X_train = X_train.reshape(X_train.shape[0], img_rows, img_cols, 1)
X_test = X_test.reshape(X_test.shape[0], img_rows, img_cols, 1)
input_shape = (img_rows, img_cols, 1)

print('input_shape: ', input_shape)
print('x_train shape:', X_train.shape)

📌 Define Model Architecture

You must pass the following arguments:

  • filters — The number of filters.

  • kernel_size — Number specifying both the height and width of the (square) convolution window.

There are some additional, optional arguments that you might like to tune:

  • strides — The stride of the convolution. If you don’t specify anything, strides are set to 1.

  • padding — One of ‘valid’ or ‘same’. If you don’t specify anything, padding is set to ‘valid’.

  • activation — Typically ‘relu’. If you don’t specify anything, no activation is applied. You are strongly encouraged to add a ReLU activation function to every convolutional layer in your networks.

💡 Things to remember

  • Always add a ReLU activation function to the Conv2D layers in your CNN. Except for the final layer in the network, Dense layers should also have a ReLU activation function.

  • When constructing a network for classification, the final layer in the network should be a Dense layer with a SoftMax activation function. The number of nodes in the final layer should equal the total number of classes in the dataset.

from tensorflow.keras.models import Sequential
from tensorflow.keras.layers import Conv2D, MaxPooling2D, Flatten, Dense, Dropout, GlobalAveragePooling2D

# build the model object
model = Sequential()

# CONV_1: add CONV layer with RELU activation and depth = 32 kernels
model.add(Conv2D(32, kernel_size=(3, 3), padding='same',activation='relu',input_shape=(28,28,1)))
# POOL_1: downsample the image to choose the best features 
model.add(MaxPooling2D(pool_size=(2, 2)))

# CONV_2: here we increase the depth to 64
model.add(Conv2D(64, (3, 3),padding='same', activation='relu'))
# POOL_2: more downsampling
model.add(MaxPooling2D(pool_size=(2, 2)))

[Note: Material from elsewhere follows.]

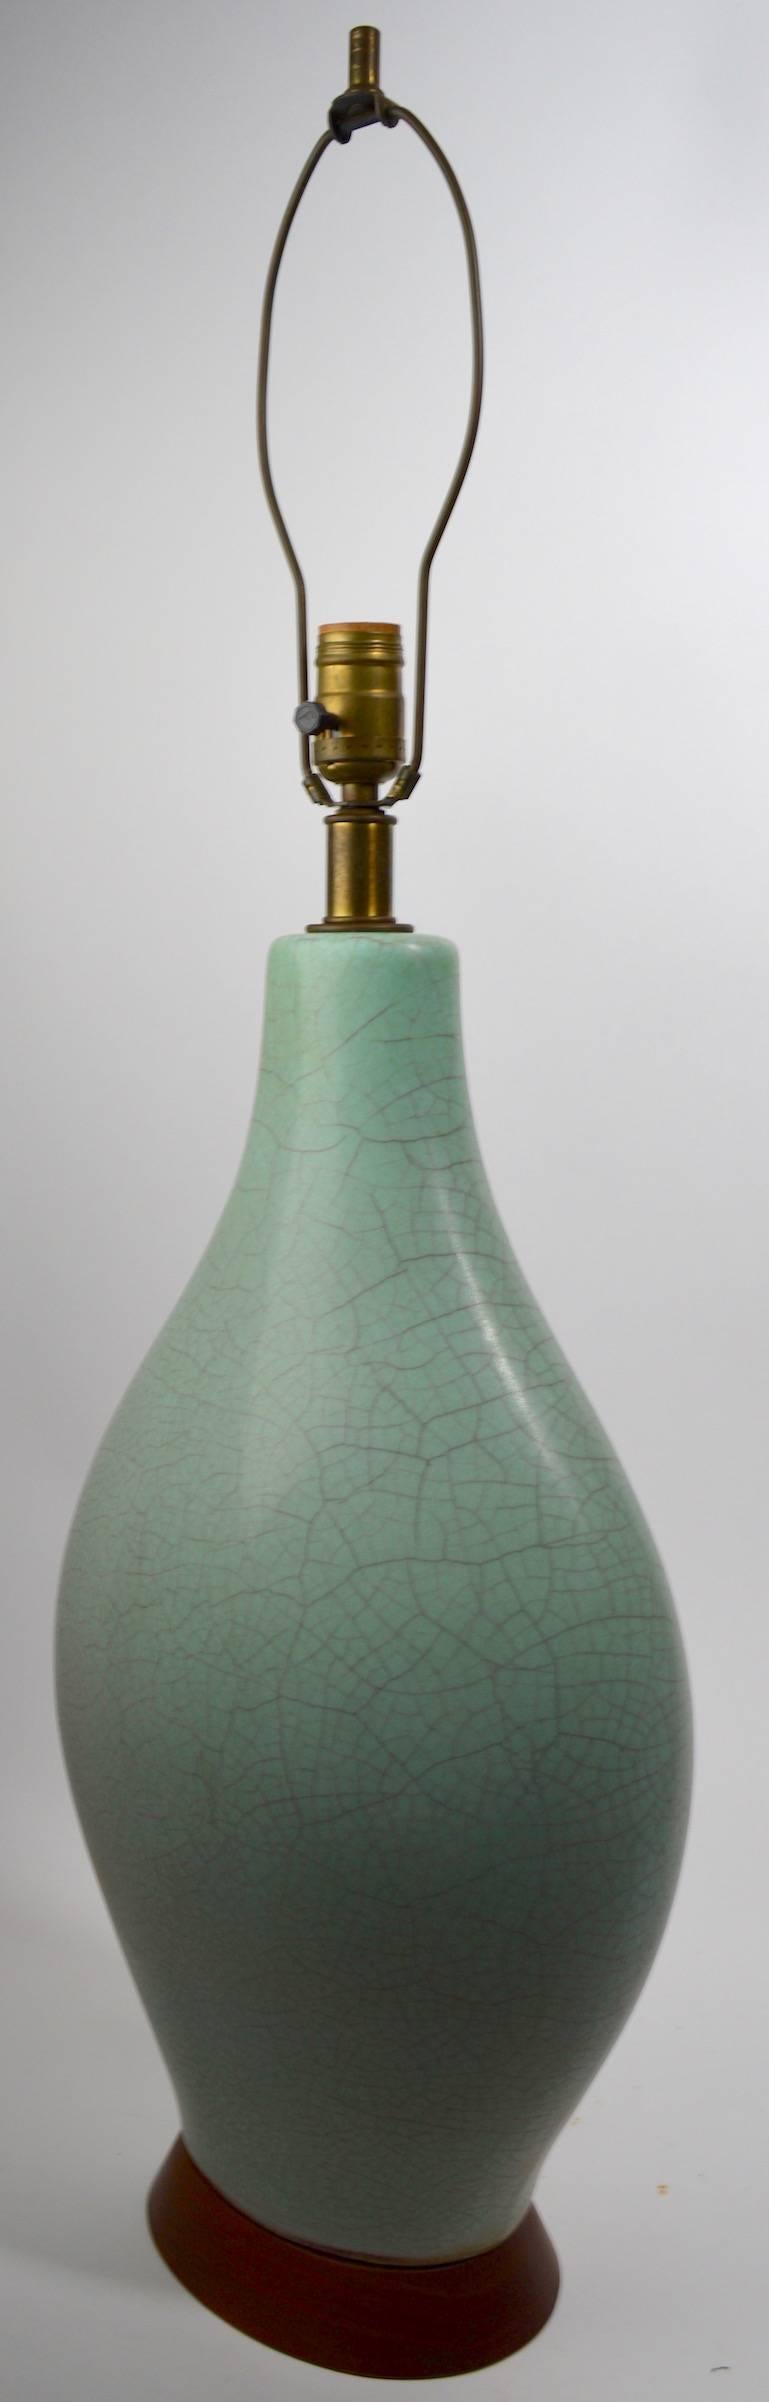 American Mid-Century Celadon Ceramic Lamp

# flatten since too many dimensions, we only want a classification output
model.add(Flatten())

# FC_1: fully connected to get all relevant data
model.add(Dense(64, activation='relu'))

# FC_2: output a softmax to squash the matrix into output probabilities for the 10 classes
model.add(Dense(10, activation='softmax'))

model.summary()

'''
Model: "sequential_9"
_________________________________________________________________
Layer (type)                 Output Shape              Param #   
=================================================================
conv2d_32 (Conv2D)           (None, 28, 28, 32)        320       
_________________________________________________________________
max_pooling2d_14 (MaxPooling (None, 14, 14, 32)        0         
_________________________________________________________________
conv2d_33 (Conv2D)           (None, 14, 14, 64)        18496     
_________________________________________________________________
max_pooling2d_15 (MaxPooling (None, 7, 7, 64)          0         
_________________________________________________________________
flatten_9 (Flatten)          (None, 3136)              0         
_________________________________________________________________
dense_18 (Dense)             (None, 64)                200768    
_________________________________________________________________
dense_19 (Dense)             (None, 10)                650       
=================================================================
Total params: 220,234
Trainable params: 220,234
Non-trainable params: 0
_________________________________________________________________
'''

💡 Things to notice:

  • The network begins with a sequence of two convolutional layers, followed by max-pooling layers.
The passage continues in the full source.